Comparison of high-dose therapy and autologous stem-cell transplantation with conventional therapy for Hodgkin's disease induction failure: a case-control study. Société Francaise de Greffe de Moelle

Abstract

Purpose: To determine the prognostic factors and outcome of first-line induction failure Hodgkin's disease patients who were treated with a salvage regimen of high-dose chemotherapy and autologous stem-cell transplantation, and to compare them with matched, conventionally treated patients.

Patients and methods: We retrospectively analyzed data relating to 86 Hodgkin's disease patients who underwent autologous stem-cell transplantation after failure of the first chemotherapy regimen, either because they did not enter a complete remission and experienced progression of disease less than 3 months after the end of their first-line treatment or because they showed evidence of disease progression during first-line therapy. Graft patients were matched with 258 conventionally treated patients (three controls per case) for age, sex, clinical stage, B symptoms, and time at risk; patient data were obtained from international databases.
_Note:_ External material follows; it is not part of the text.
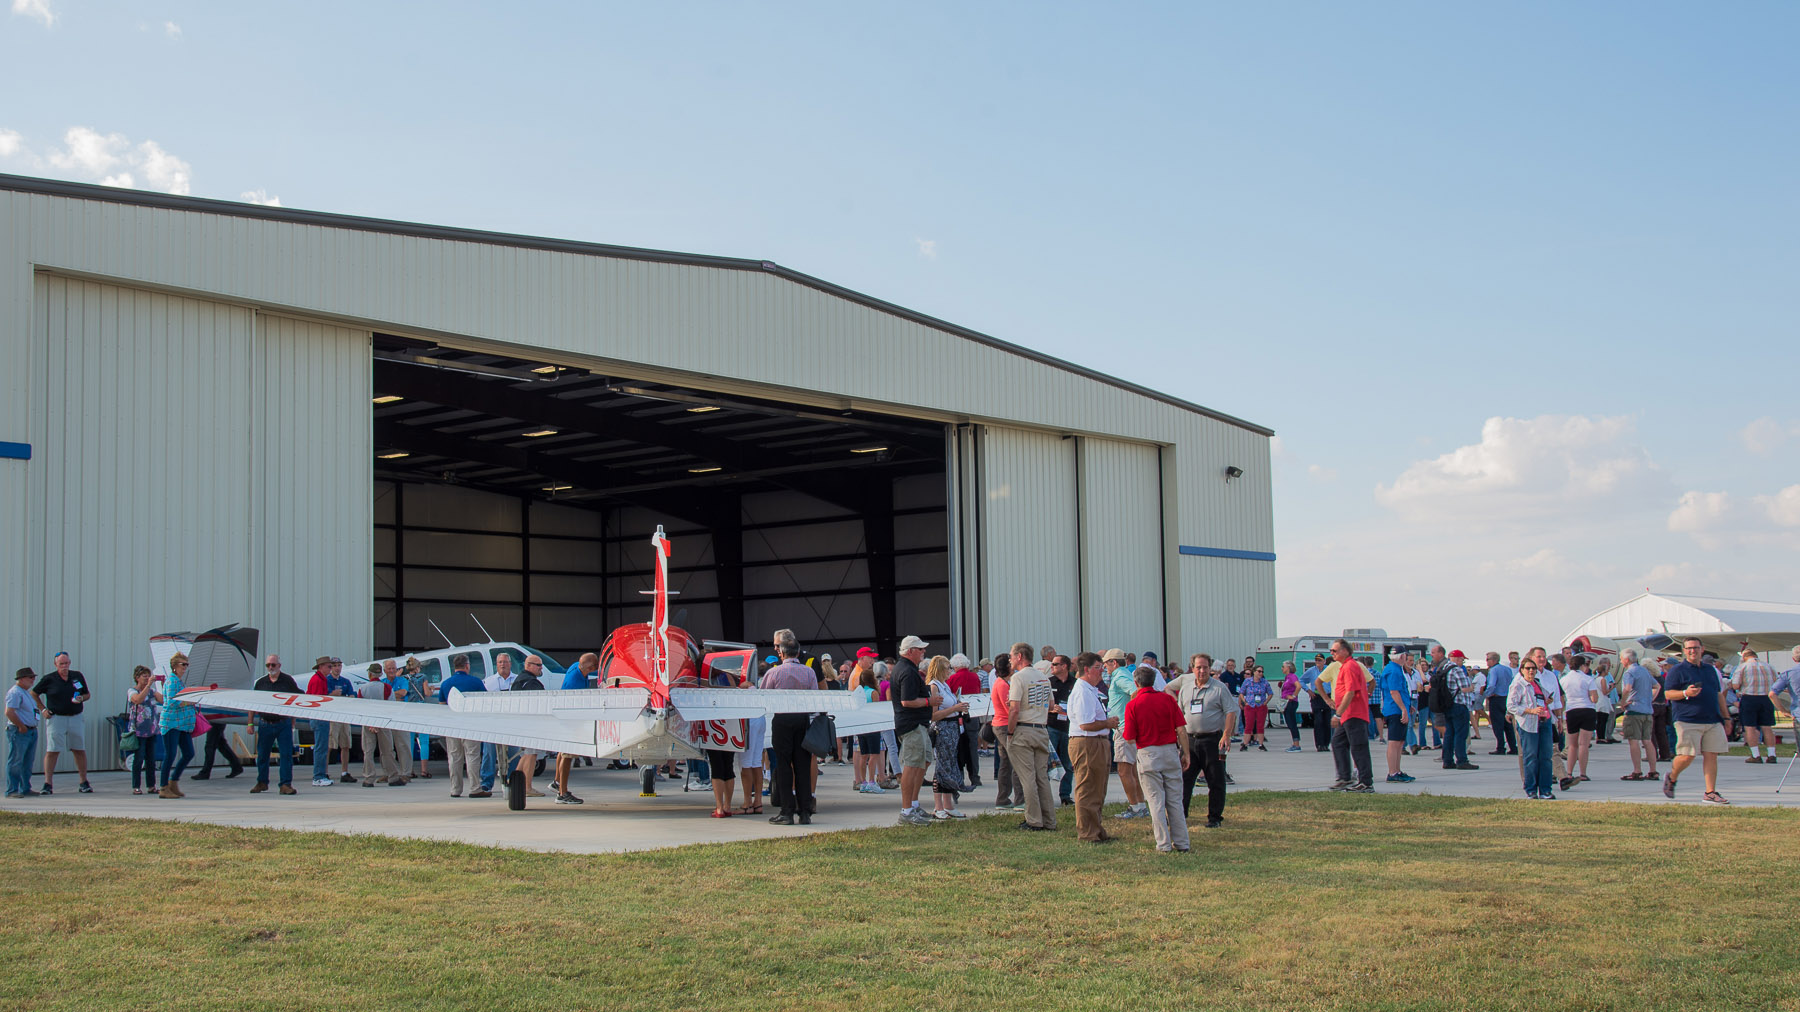 Some 800 American Bonanza Society members gathered at Col. James Jabara Airport in Wichita, Kansas, to celebrate the type club's fiftieth anniversary and the seventieth anniversary of the certification and first delivery of the acclaimed Beechcraft Bonanza. Photo courtesy of Visual Media Group.

Results: Among the 86 graft patients, the median age at diagnosis was 29 years (range, 14 to 57 years). Thirty-nine percent of patients had stage II disease, 23% had stage III disease, and 38% had stage IV disease. Seventy percent of the patients received chemotherapy and 30% received combined modality therapy; 60% of the patients received a seven- or eight-drug regimen. After this first-line treatment, 91% had disease progression and 9% had a brief partial response. Eighty patients received a second-line treatment; pretransplantation status was as follows: 24% of patients had a complete remission, 38% had a partial remission (PR), 14% had stable disease, and disease progression occurred in 24%. With a median follow-up of 22 months (range, 4 to 105 months) from diagnosis, the 5-year event-free survival and overall survival rates from transplantation were 25% and 35% (95% confidence intervals, 15 to 36 and 23 to 49), respectively. In multivariate analysis, the pretransplantation disease status after salvage therapy was the only significant prognostic factor for survival (PR: relative risk = 2.8, P = .017; progressive disease: relative risk (RR) = 5.26, P < .001). From diagnosis, the 6-year overall survival rates of the graft patients and 258 matched conventionally treated patients were 38% and 29%, respectively (P = .058).

Conclusion: Autologous stem-cell transplantation represents the best therapeutic option currently available for patients with primary induction failure and is associated with acceptable toxicity. Response to second-line treatment before high-dose chemotherapy is the only prognostic factor that can be correlated with survival.